FTC rule over charities allowed

Opinion lets agency regulate nonprofits' economic activities

Supreme Court

May 25, 1999|By Lyle Denniston | Lyle Denniston,SUN NATIONAL STAFF

WASHINGTON -- Settling a legal question that had been open for two decades, the Supreme Court ruled unanimously yesterday that the Federal Trade Commission has the power to regulate the economic activities of nonprofit groups and associations.

The fact that a group earns no profit on its own, the court said, does not bar FTC oversight, if the organization engages in activities that affect the profits and economic interests of members.

But, in a separate part of the ruling, the court decided by a 5-4 vote that any FTC inquiry into whether those activities in fact harm competition must be full and thorough.

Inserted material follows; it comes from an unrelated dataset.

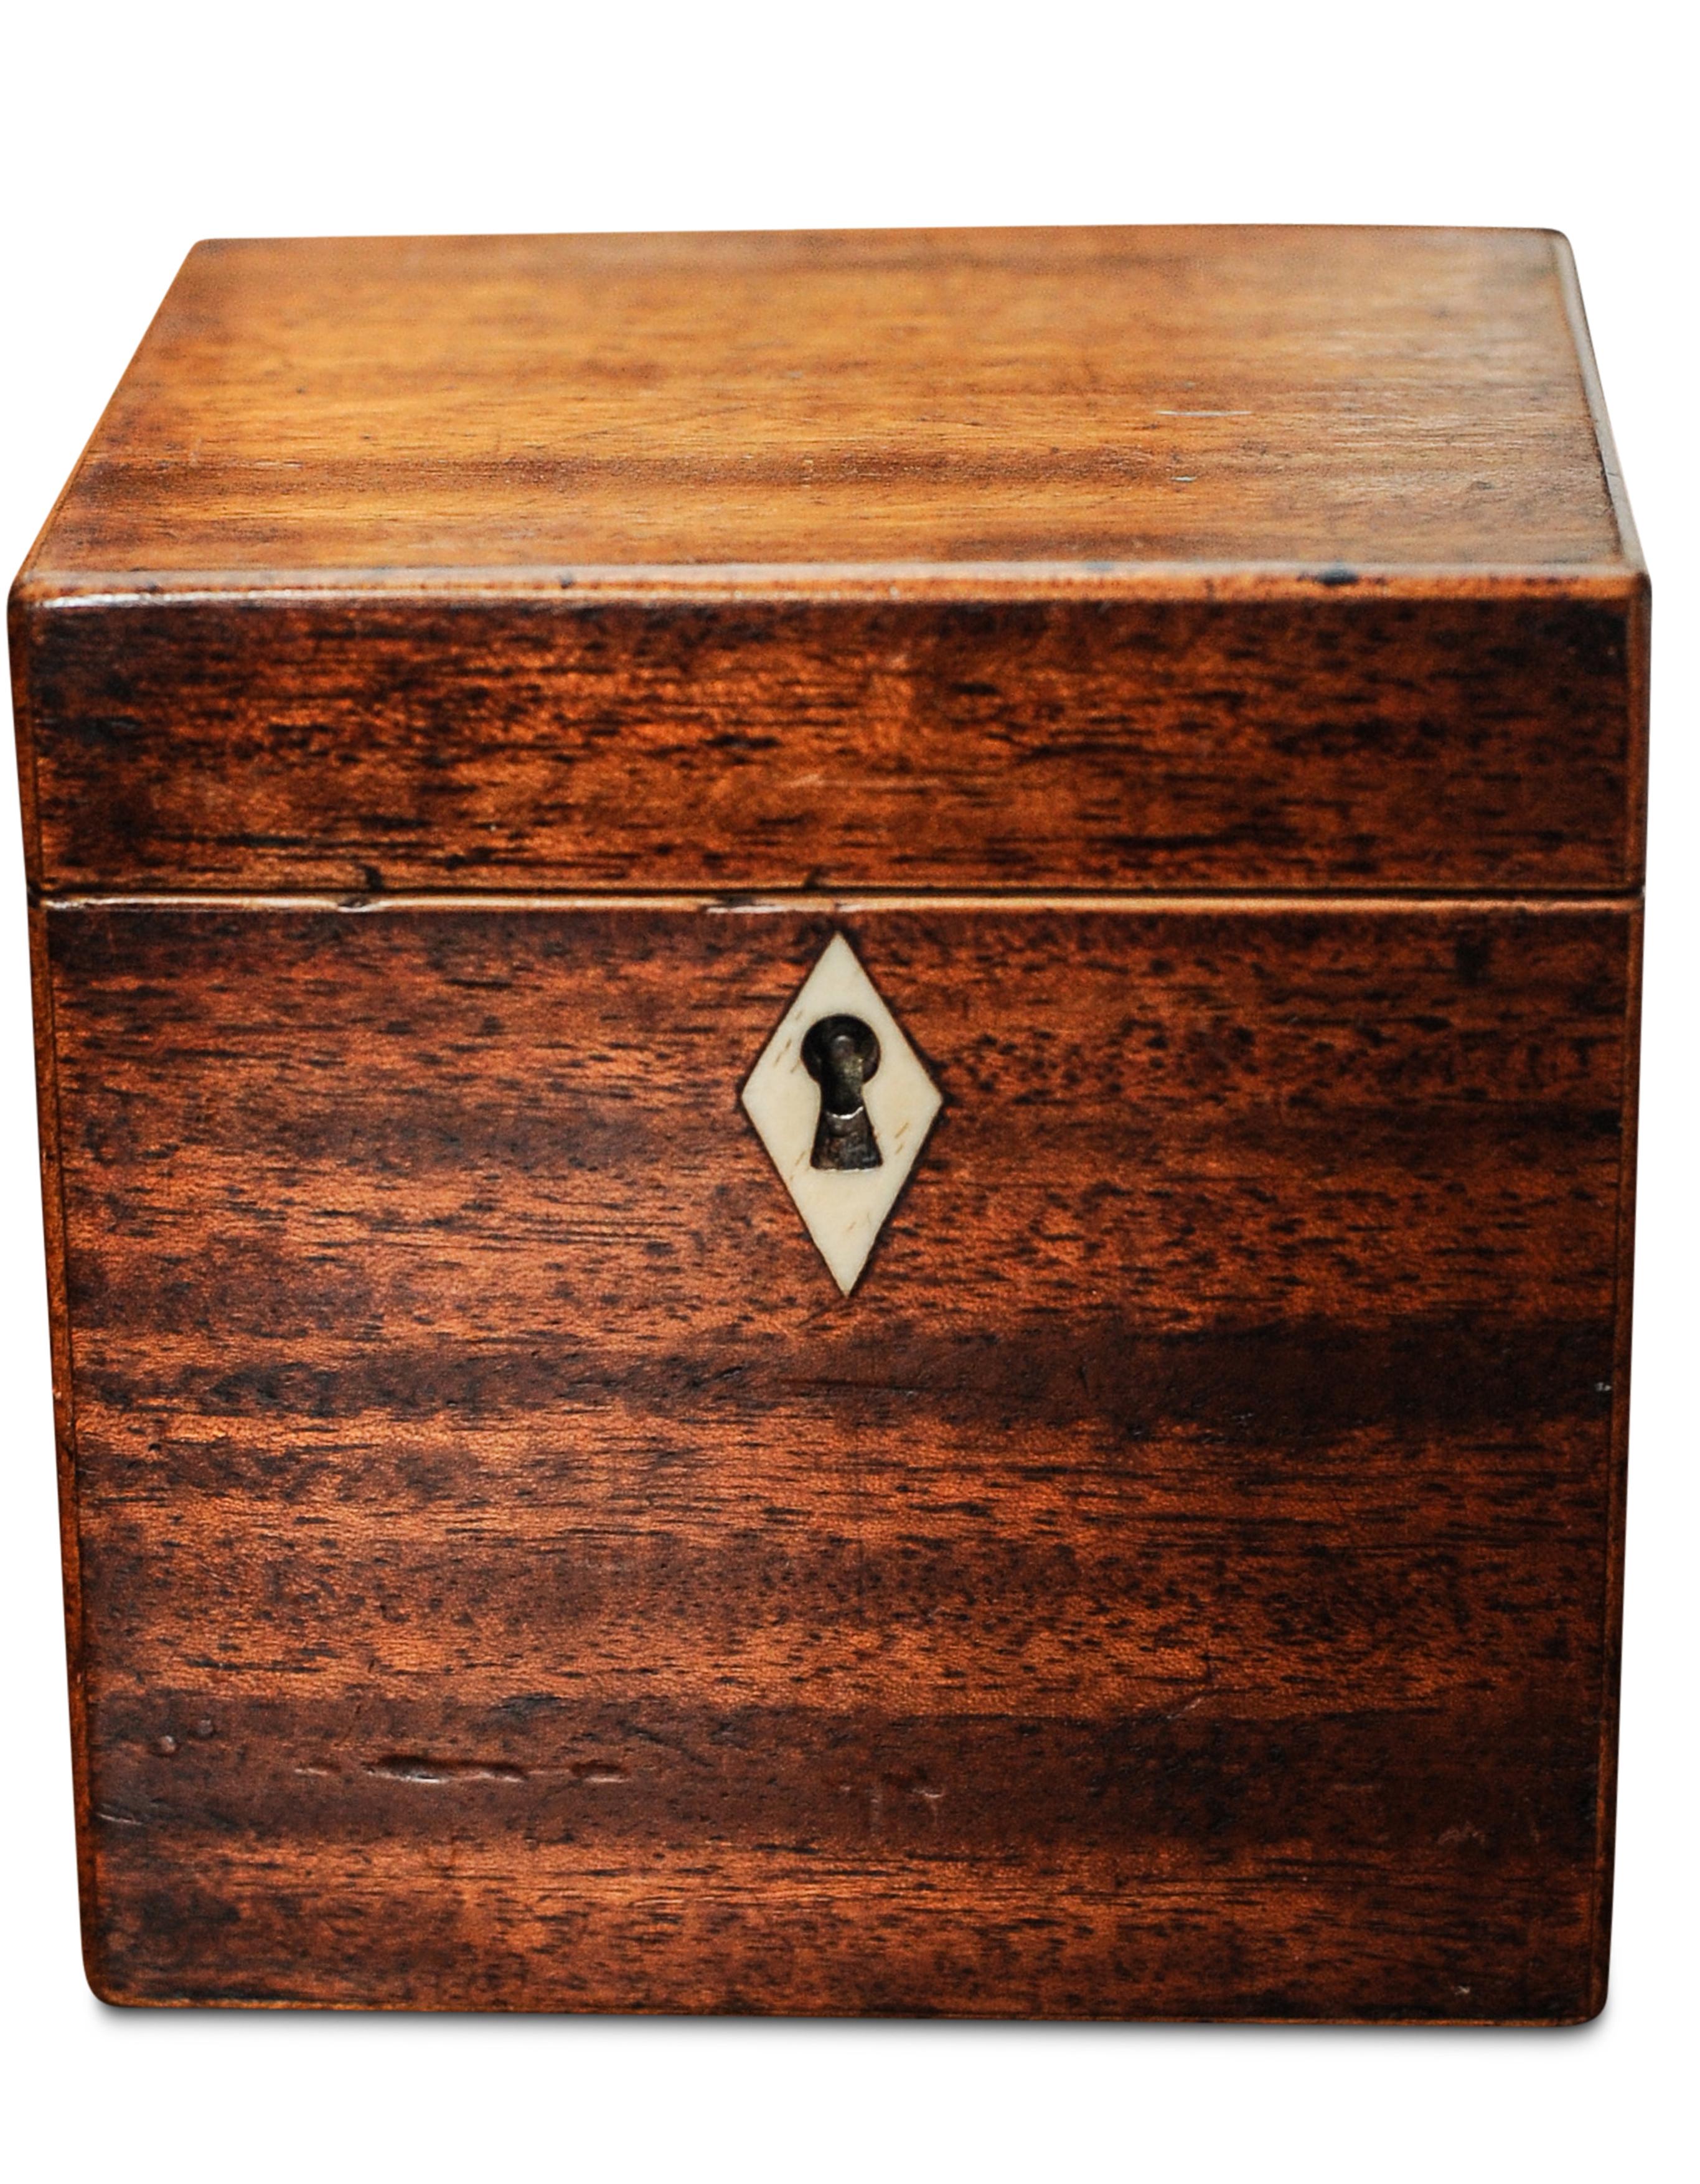 A Handmade Victorian Fruitwood & Inlay Tea Caddy With Zinc Lining

A tea caddy is a box, jar, canister, or other receptacle used to store tea. When first introduced to Europe from Asia, tea was extremely expensive, and kept under lock and key. The

A superficial "quick look" that the FTC sometimes can use in business cases is not enough when a nonprofit is under investigation, the majority said.

The ruling upheld a 1997 decision by the 9th U.S. Circuit Court of Appeals in San Francisco that the FTC could regulate the advertising rules that the California Dental Association imposes on its members.

Those rules generally bar dentists from advertising low fees or ads that make claims about the comparative quality of a dentist's services.

The FTC had ruled in 1996 that these rules illegally interfered with dentists' opportunity to advertise price and other advantages they were offering patients.

In a separate case yesterday, the court, splitting 5-4, ruled that developers are sometimes entitled to jury trials when they sue in federal court with claims that a local government unconstitutionally seized their property by denying permits to build on it.

It did not spell out the specific instances in which the jury trial right exists, leaving that to be developed in future cases.

The ruling was not a complete victory for developers for another reason:

The court, in a second part of the decision, refused unanimously to make it easier for developers to prove that land-use regulations resulted in invalid seizures, or "takings," of private property.

The court said it would adhere to its earlier formula, which declares that a taking does not occur unless government action destroys all of a property's economic value.

The ruling upheld a jury verdict of $1.45 million in favor of California developers who wanted to build homes in a 37-acre dune area along the Pacific coastline in Monterey, only to be thwarted repeatedly by local officials seeking to protect an endangered species, Smith's Blue Butterfly.

In a second California case, the court refused to hear a challenge to a rent-control ordinance in Santa Monica.